Speaking to reporters at a news conference in Ankara Esenboğa Airport ahead of his visit to Washington to meet U.S. officials, Yıldırım said he hopes to improve ties between the two countries.

However, he noted that while improving ties, Turkish officials will preserve sensitivities of the country and the people, and hoped that U.S. officials respect that.

The prime minister denied embassy statement claiming that Turkey gave assurances for staff, saying that Turkey is a state governed by the rule of law and negotiation of such requests would violate those principles.

He noted that all processes are conducted under the rule of law and no exceptions will be made for anyone.

Yıldırım highlighted that there are Turkish nationals detained in the U.S. and vice versa, and hoped that the U.S. pays attention to Turkey’s concerns during their prosecution.

“Likewise, they make similar demands and these are discussed through diplomatic channels” Yıldırım said, adding that they hope to reach a final resolution.

The U.S. Embassy suspended the visa services at its diplomatic missions in Turkey in early October following the arrest of Metin Topuz, a longstanding U.S. consulate employee and a Drug Enforcement Administration (DEA) agent at the Istanbul Bureau, over ties with the Gülenist Terror Group (FETÖ).

Topuz has been linked to a number of FETÖ suspects, including police commissioners and former prosecutor Zekeriya Öz, a fugitive accused of attempting to overthrow the government through the use of force, according to a judicial source who asked not to be named due to restrictions on speaking to the media.

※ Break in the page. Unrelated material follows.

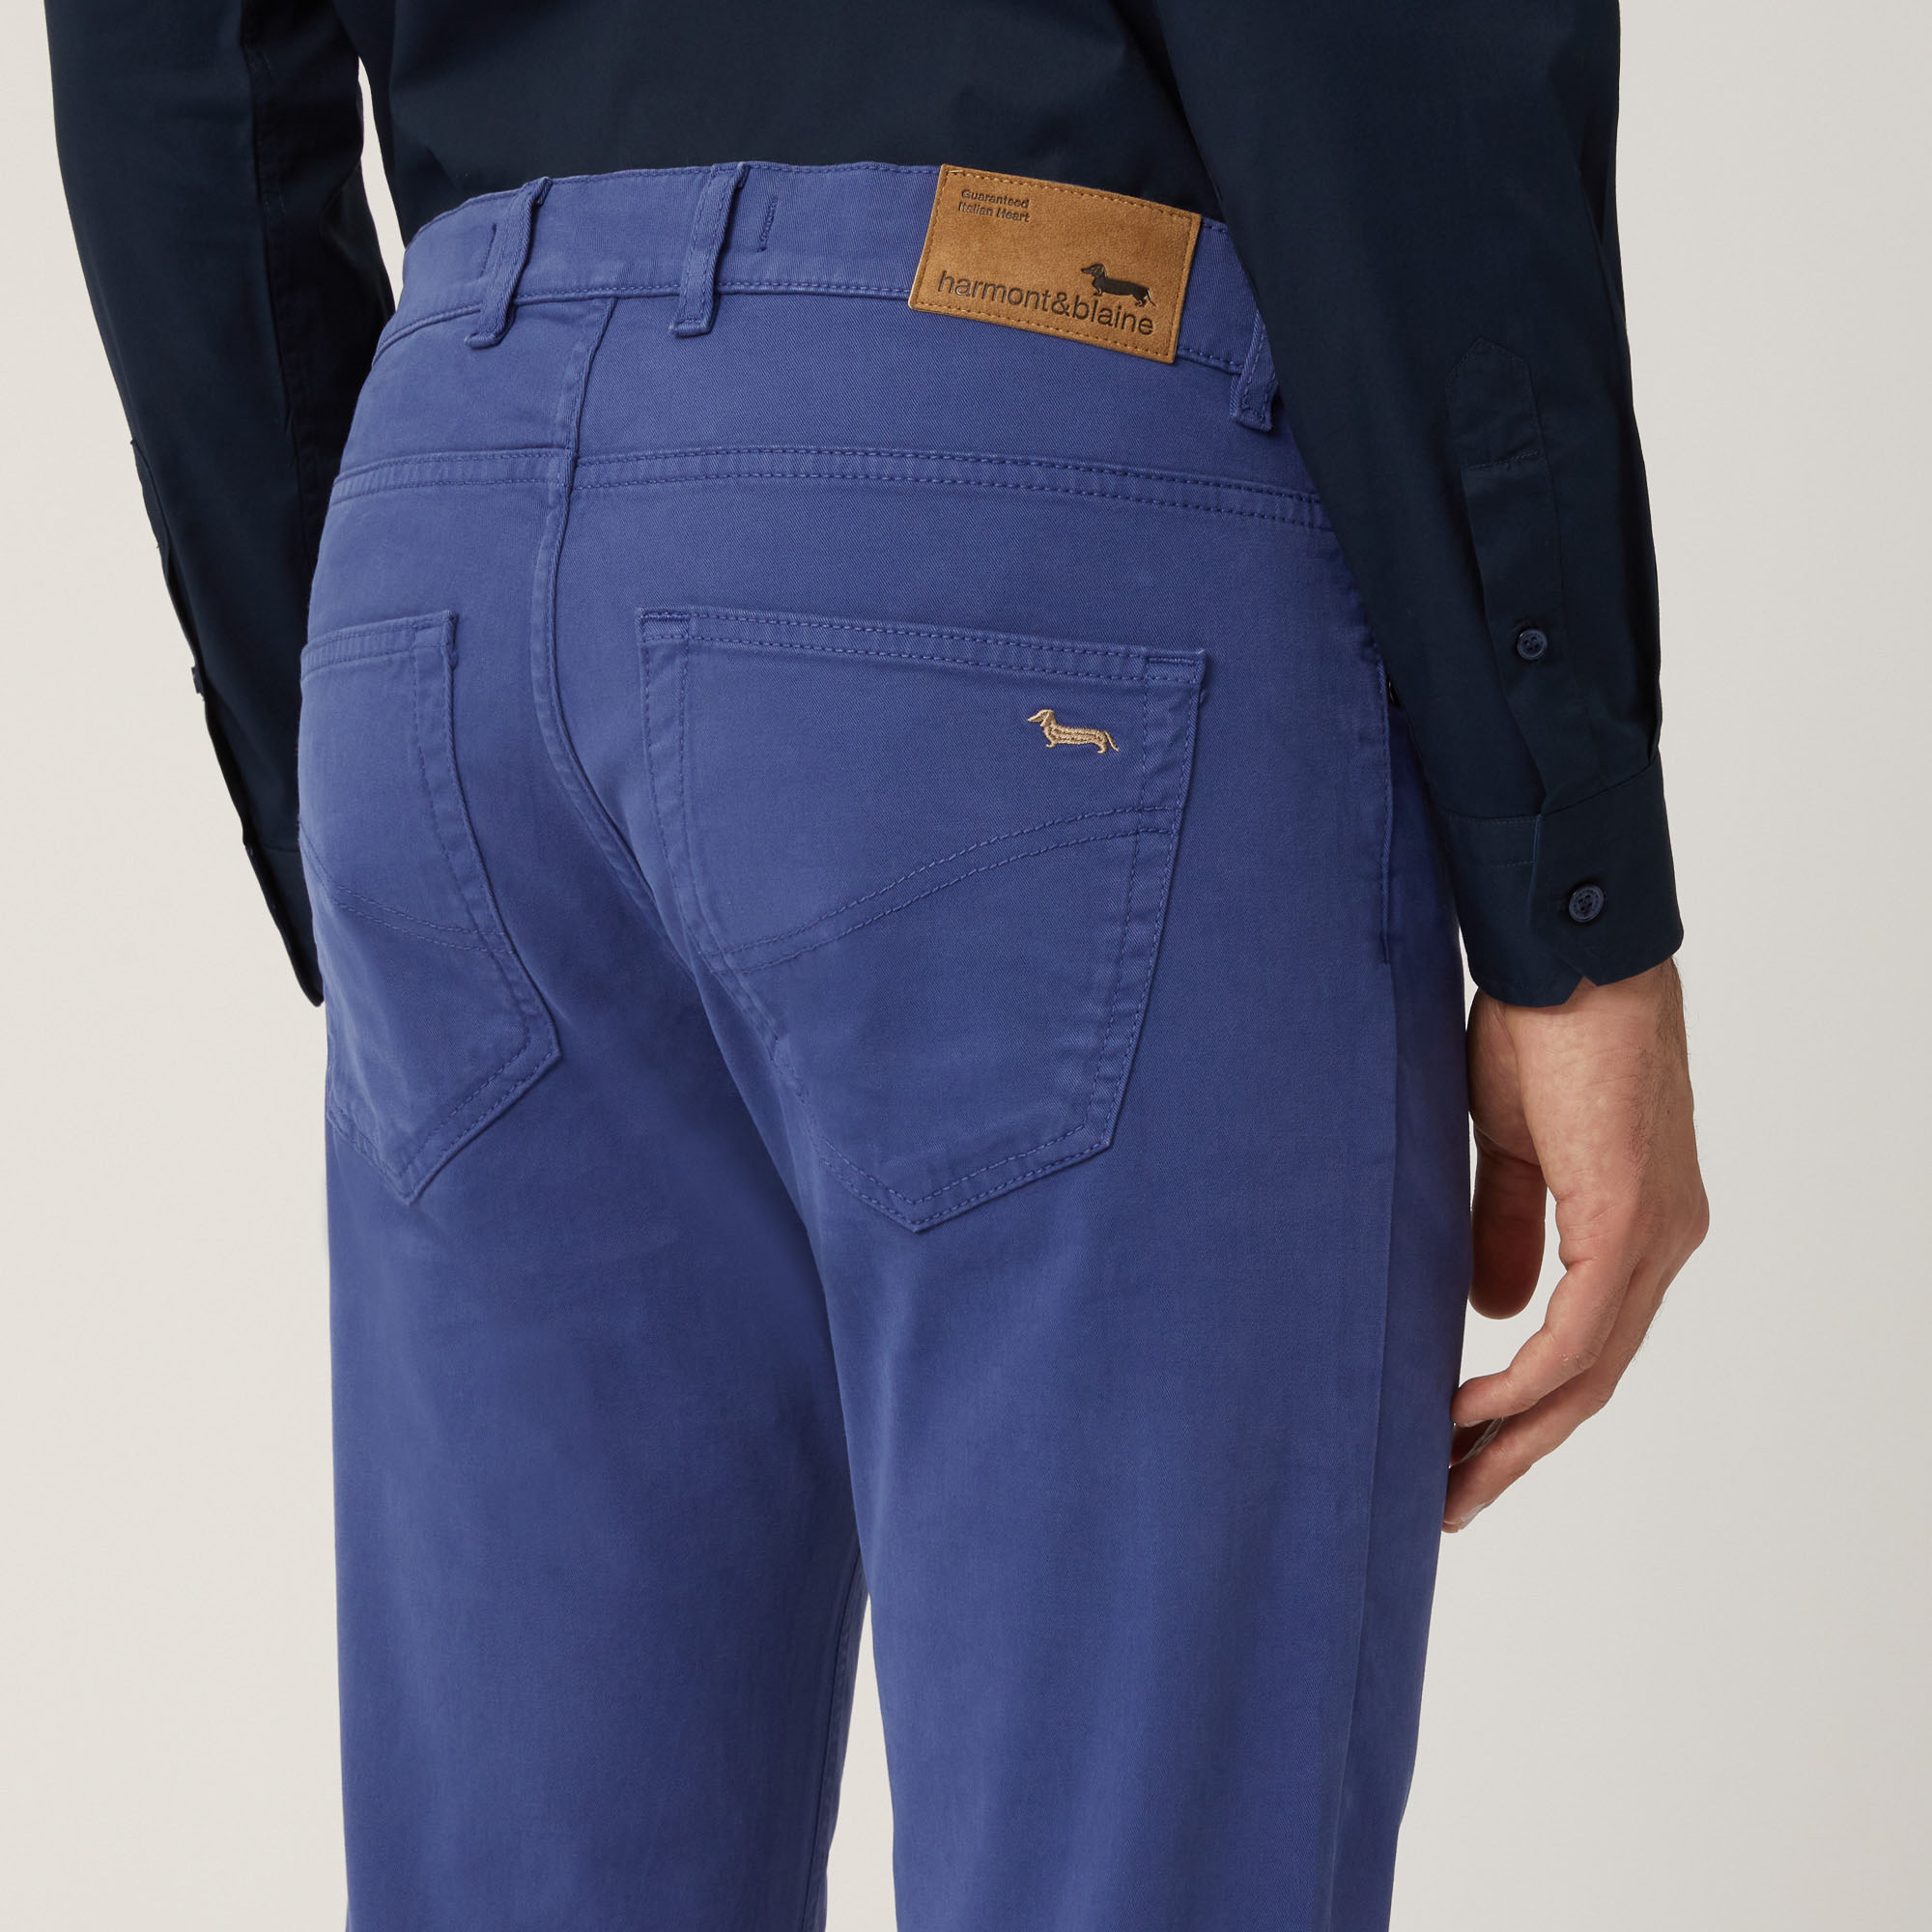 Pantalone Cinque Tasche In Cotone Stretch Elevated Utility, Blu Chiaro, large

Following the arrest, the U.S. Embassy in Ankara said all non-immigrant visa services in its diplomatic facilities in Turkey were suspended. Turkey responded to the U.S. move by saying it had halted processing visa applications from the U.S. The pause, announced online by the Turkish embassy in Washington, applies to visas in passports, electronic visas and visas at the borders, and was also effective immediately.

Yıldırım will be meeting with U.S. Vice President Mike Pence and his visit is expected to focus on talks regarding Gülen’s extradition to Turkey.